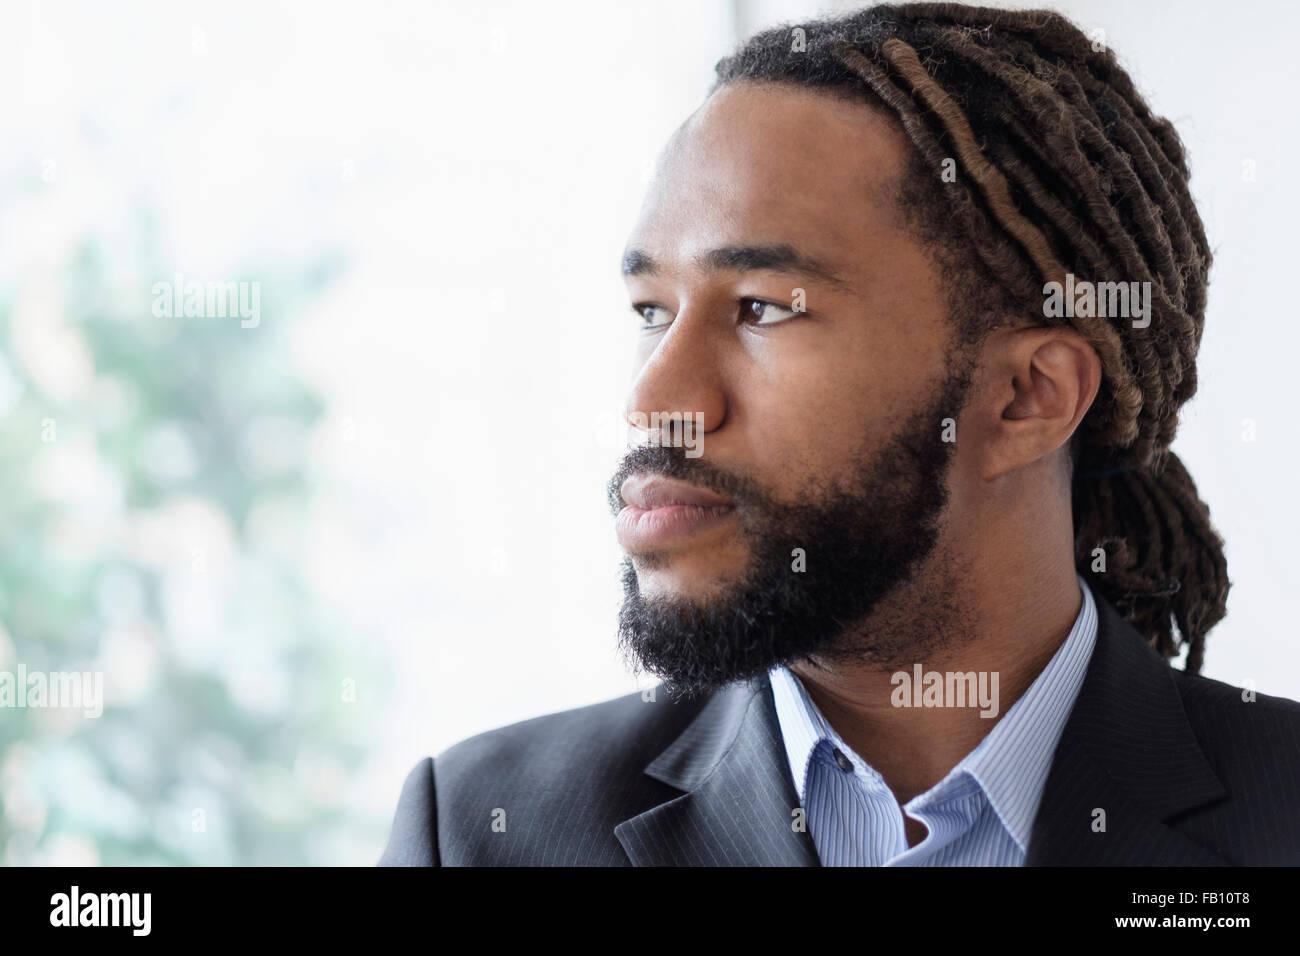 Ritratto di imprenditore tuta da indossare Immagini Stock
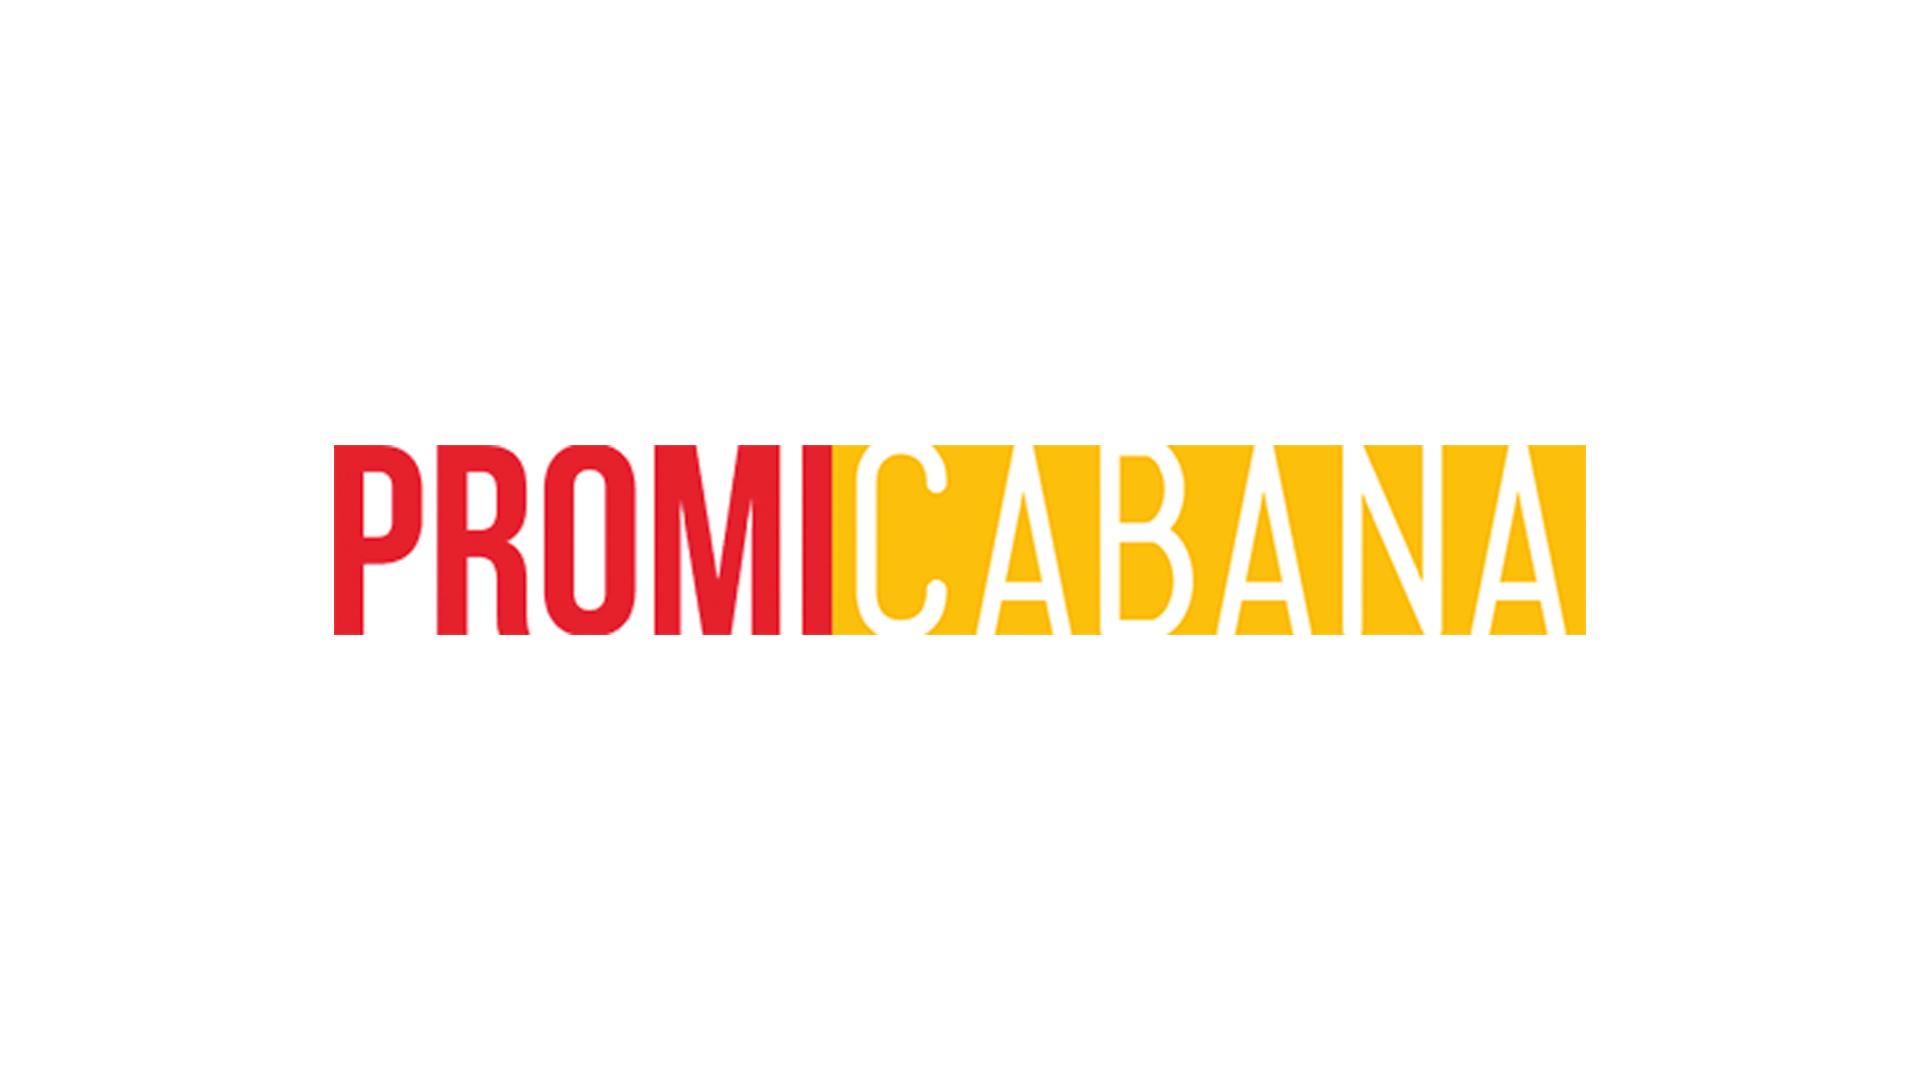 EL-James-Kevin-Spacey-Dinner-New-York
==
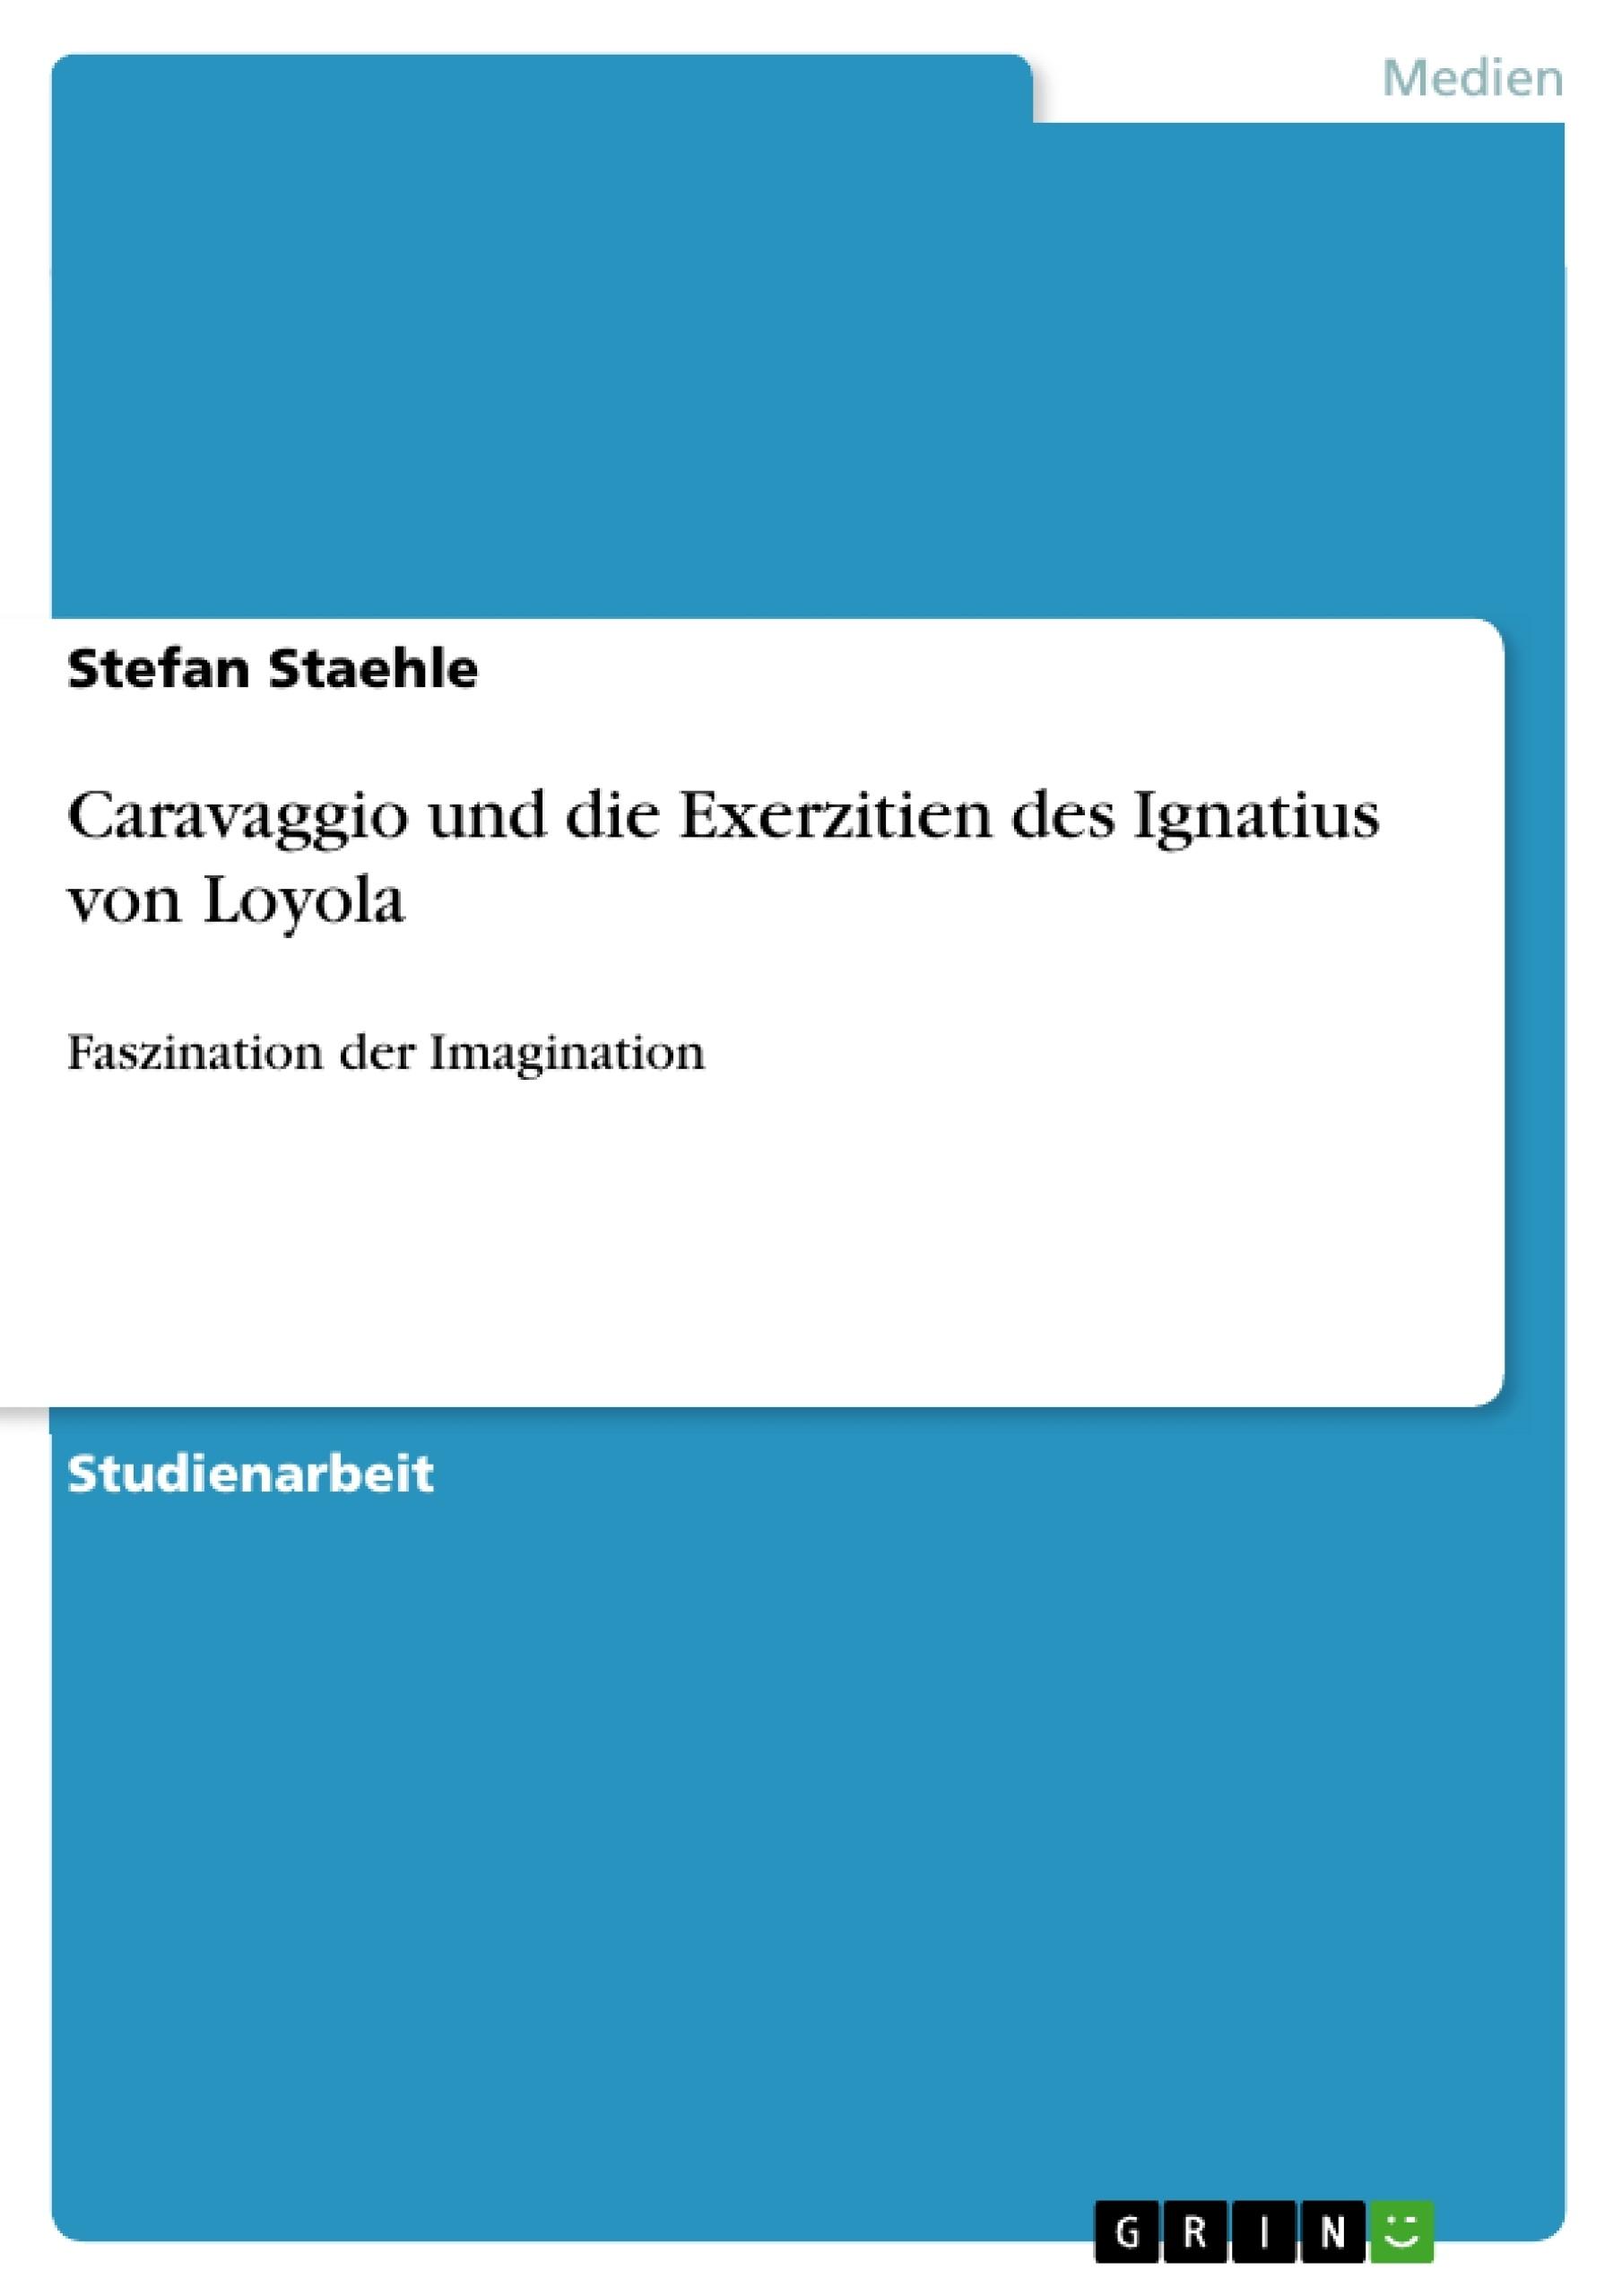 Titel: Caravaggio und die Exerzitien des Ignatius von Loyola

EXERCISE OBJECTIVE:
Only the lines above starting with the line with "Ritratto di imprenditore" and going on through the line with "EL-James-Kevin-Spacey-Dinner-New-York" belong in the answer; repeat them exactly, minus any picture.

OUTPUT BELOW:
 Ritratto di imprenditore tuta da indossare Immagini Stock
 EL-James-Kevin-Spacey-Dinner-New-York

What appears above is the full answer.